» **Dataset section**:
----------------------------------------
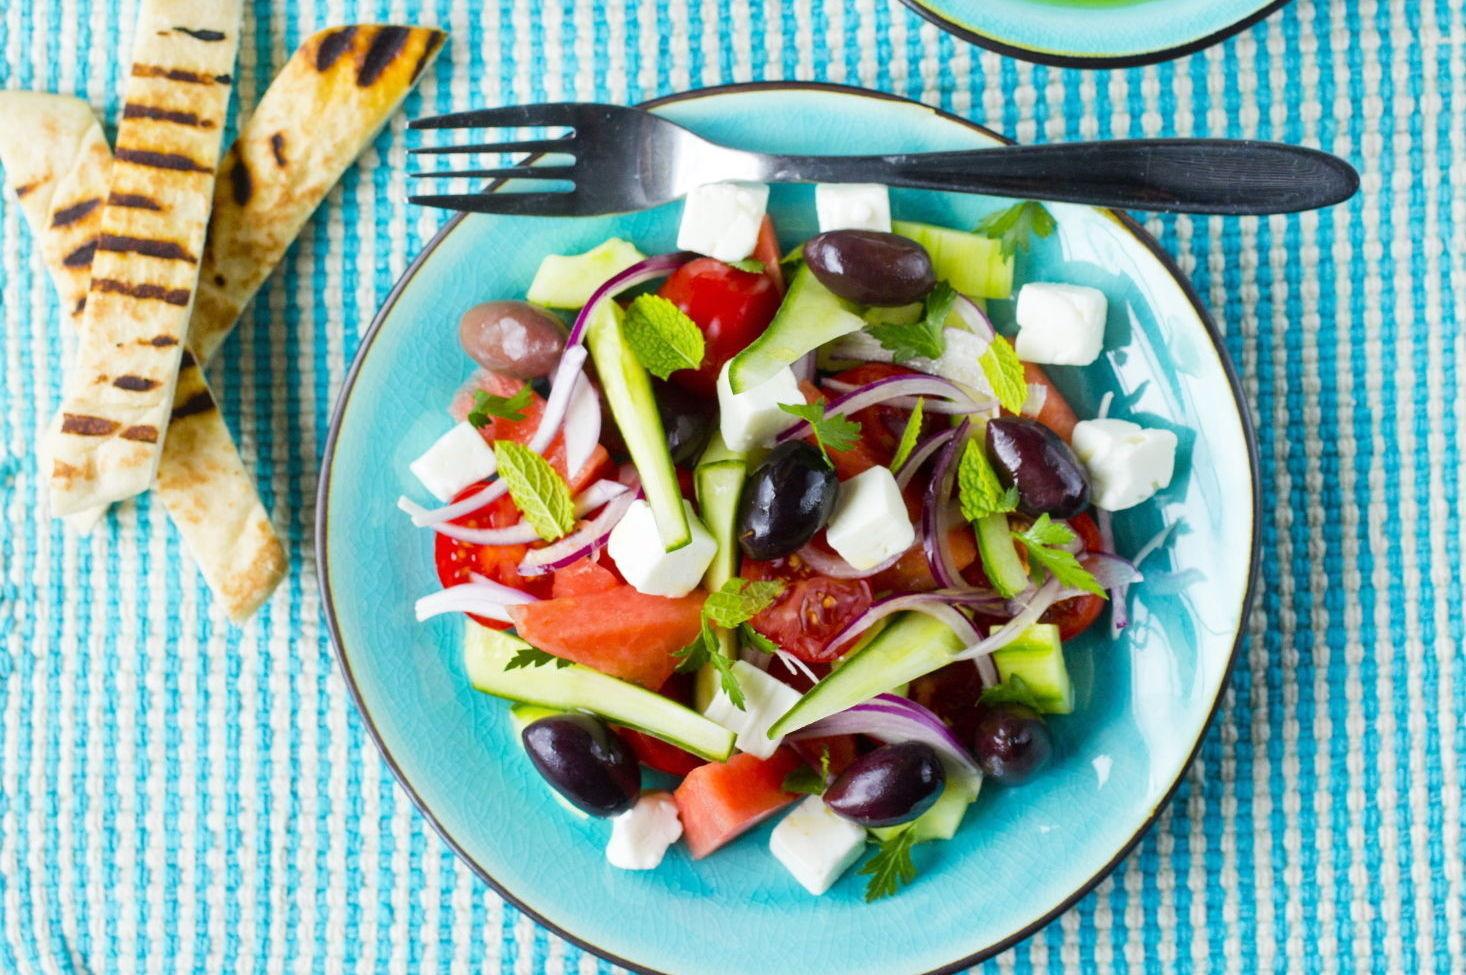 SMAKEN AV FERIE: Gresk salat med vannmelon, fetaost og oliven forlenger feriefølelsen. Foto: Sara Johannessen/VG
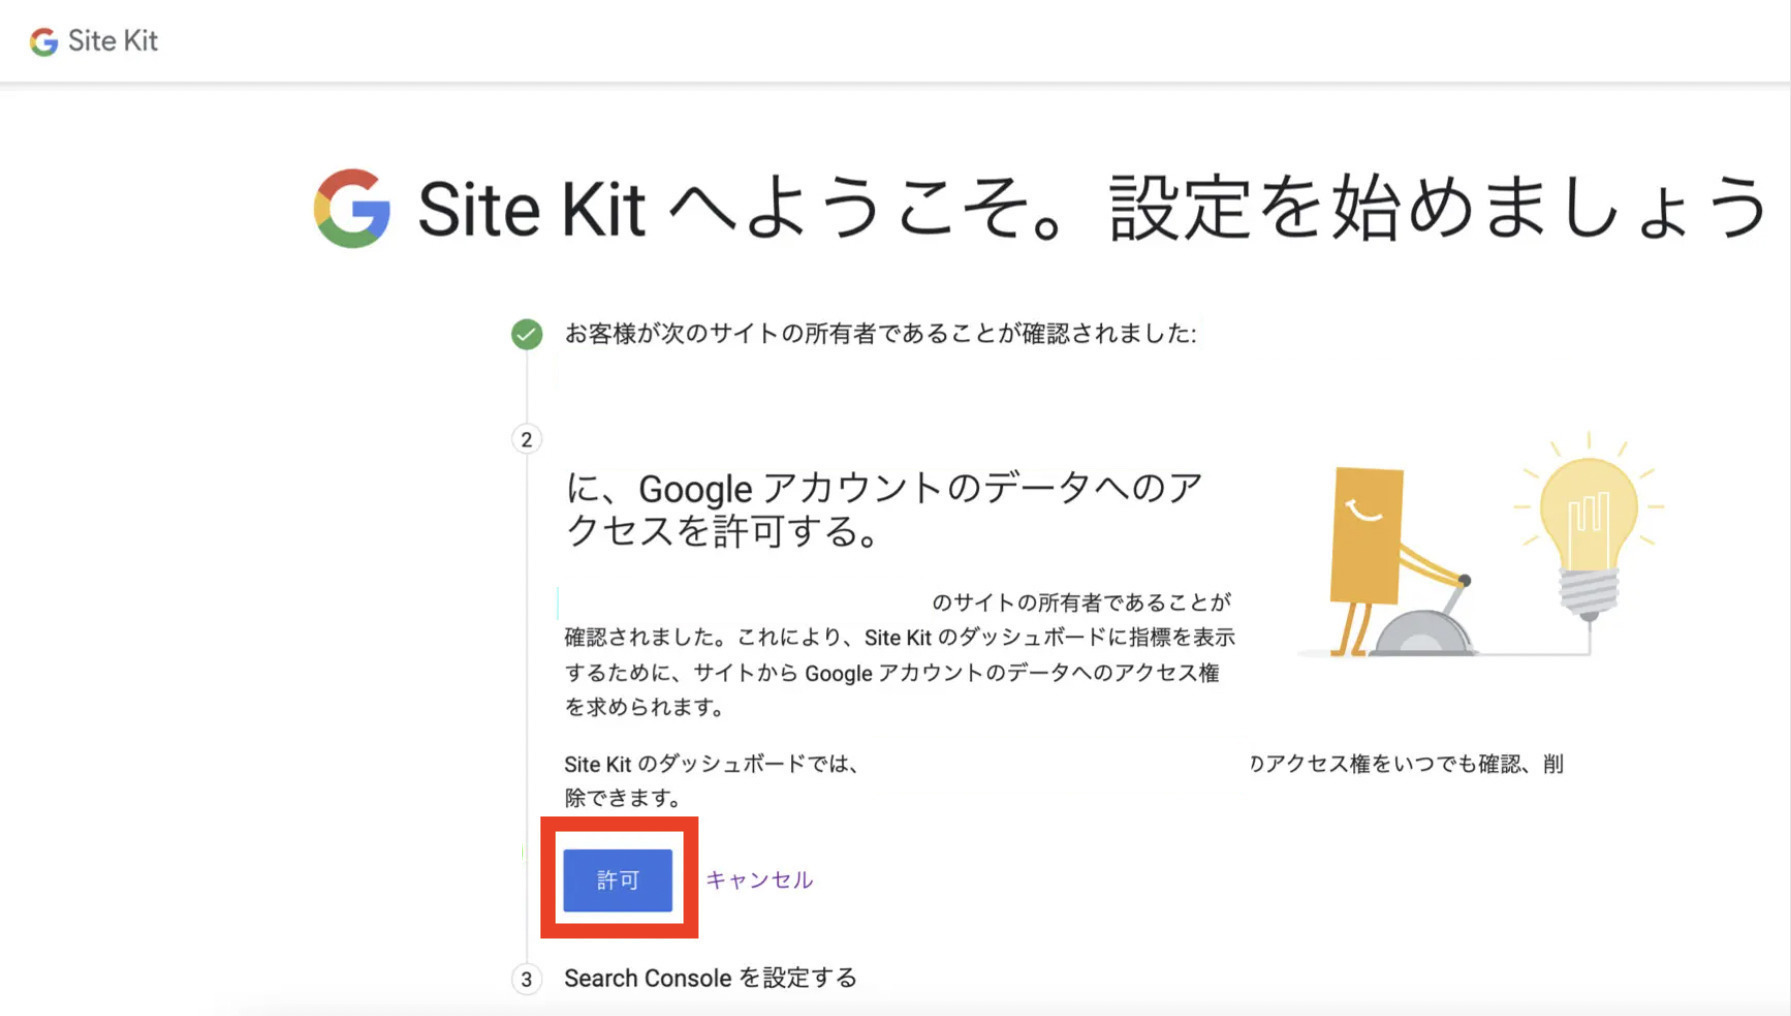 Site Kit by Google許可
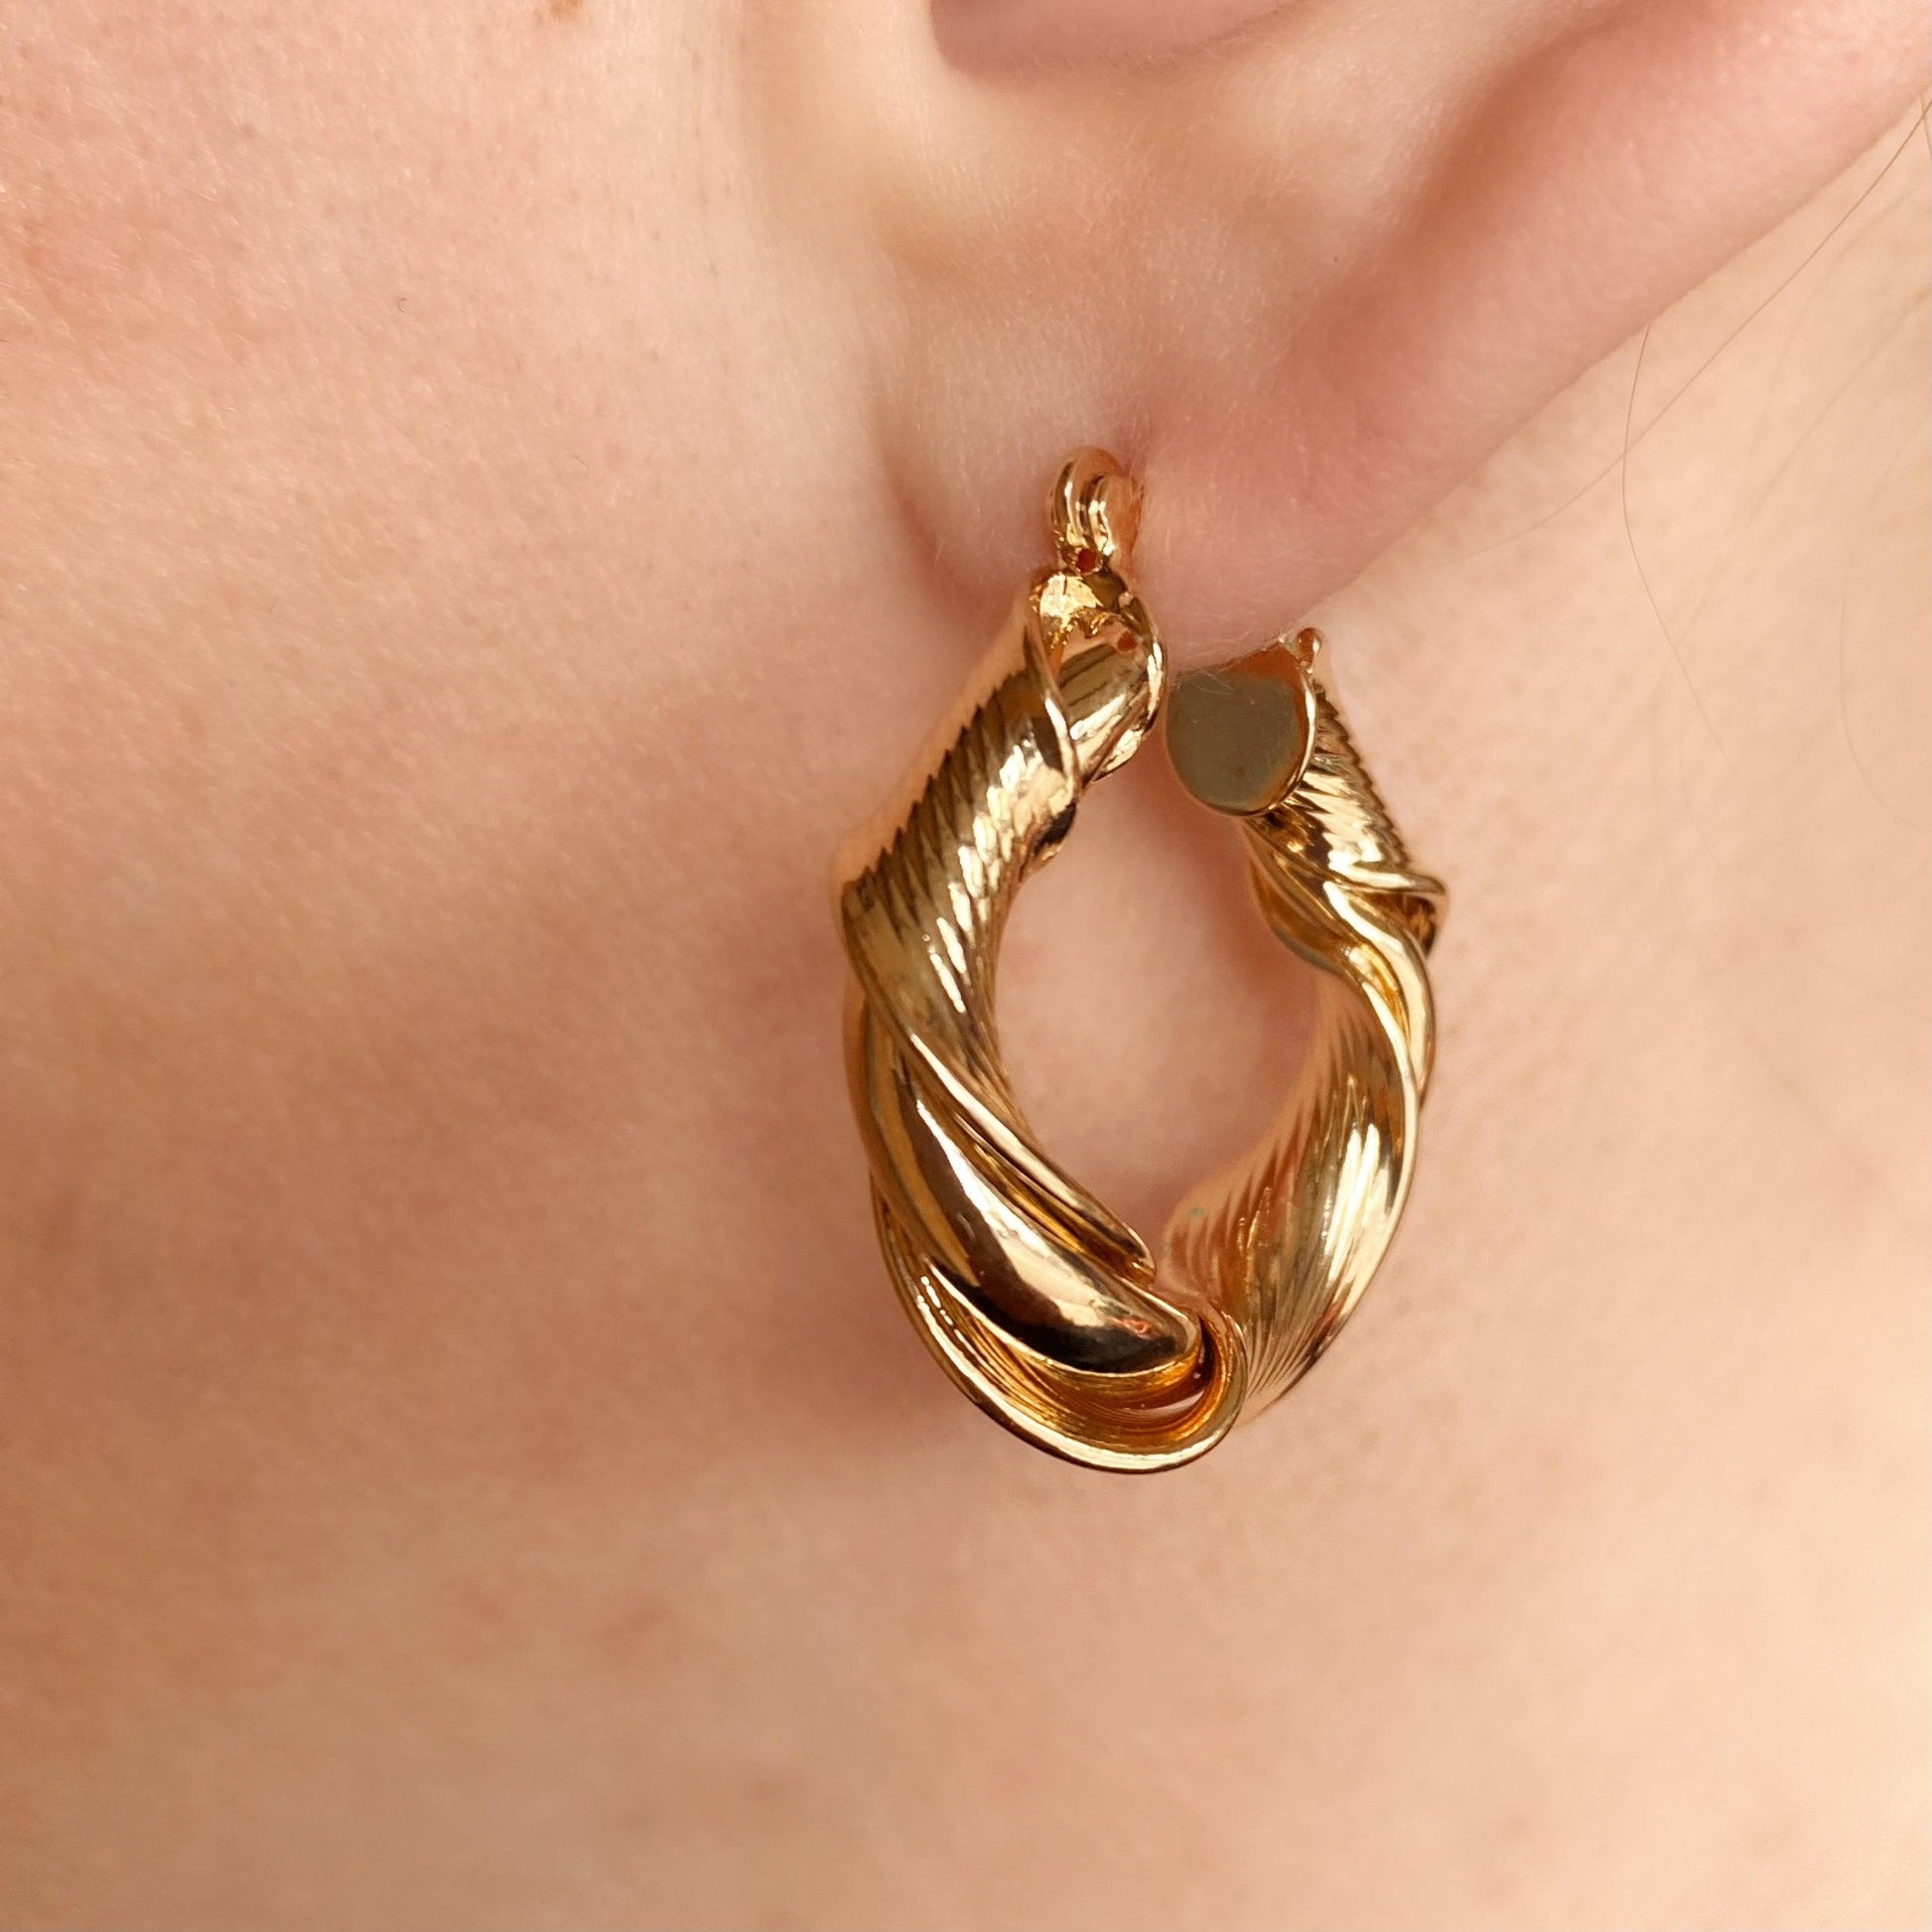 GoldFi 18k Gold Filled Twisted Hoop Earrings
----------------------------------------
Transcribe the whole listing exactly as it stands, apart from the pictures.

» **Written answer**:
 SMAKEN AV FERIE: Gresk salat med vannmelon, fetaost og oliven forlenger feriefølelsen. Foto: Sara Johannessen/VG
 Site Kit by Google許可
 GoldFi 18k Gold Filled Twisted Hoop Earrings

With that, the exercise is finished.